Use Ok to test your code:

python3 ok -q is_bst

Q5: Preorder

Define the function preorder, which takes in a tree as an argument and returns a list of all the entries in the tree in the order that print_tree would print them.

The following diagram shows the order that the nodes would get printed, with the arrows representing function calls.

preorder

Note: This ordering of the nodes in a tree is called a preorder traversal.

def preorder(t):
    """Return a list of the entries in this tree in the order that they
    would be visited by a preorder traversal (see problem description).

    >>> numbers = Tree(1, [Tree(2), Tree(3, [Tree(4), Tree(5)]), Tree(6, [Tree(7)])])
    >>> preorder(numbers)
    [1, 2, 3, 4, 5, 6, 7]
    >>> preorder(Tree(2, [Tree(4, [Tree(6)])]))
    [2, 4, 6]
    """
    "*** YOUR CODE HERE ***"

Use Ok to test your code:

python3 ok -q preorder

Generators/Trees

Q6: Yield Paths

Define a generator function path_yielder which takes in a Tree t, a value value, and returns a generator object which yields each path from the root of t to a node that has label value.

t is implemented with a class, not as the function-based ADT.

Each path should be represented as a list of the labels along that path in the tree. You may yield the paths in any order.

We have provided a (partial) skeleton for you. You do not need to use this skeleton, but if your implementation diverges significantly from it, you might want to think about how you can get it to fit the skeleton.

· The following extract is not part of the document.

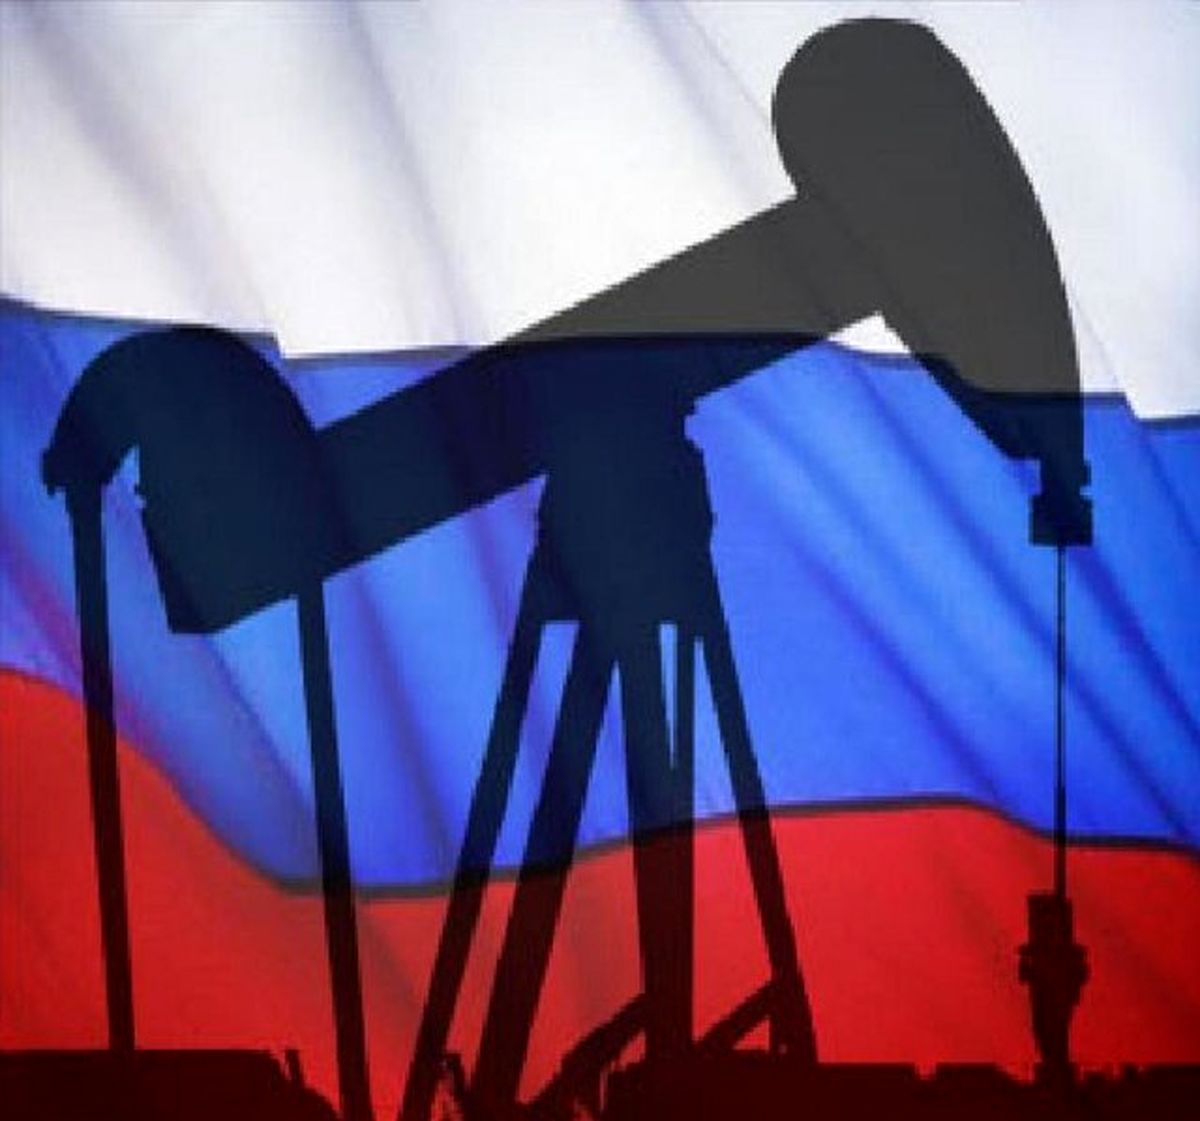 صادرکنندگان روسی یک میلیارد دلار پولدارتر شدند

def path_yielder(t, value):
    """Yields all possible paths from the root of t to a node with the label value
    as a list.

    >>> t1 = Tree(1, [Tree(2, [Tree(3), Tree(4, [Tree(6)]), Tree(5)]), Tree(5)])
    >>> print(t1)
    1
      2
        3
        4
          6
        5
      5
    >>> next(path_yielder(t1, 6))
    [1, 2, 4, 6]
    >>> path_to_5 = path_yielder(t1, 5)
    >>> sorted(list(path_to_5))
    [[1, 2, 5], [1, 5]]

    >>> t2 = Tree(0, [Tree(2, [t1])])
    >>> print(t2)
    0
      2
        1
          2
            3
            4
              6
            5
          5
    >>> path_to_2 = path_yielder(t2, 2)
    >>> sorted(list(path_to_2))
    [[0, 2], [0, 2, 1, 2]]
    """

    "*** YOUR CODE HERE ***"

    for _______________ in _________________:
        for _______________ in _________________:

            "*** YOUR CODE HERE ***"

Hint: If you're having trouble getting started, think about how you'd approach this problem if it wasn't a generator function. What would your recursive calls be? With a generator function, what happens if you make a "recursive call" within its body?

Use Ok to test your code:

python3 ok -q path_yielder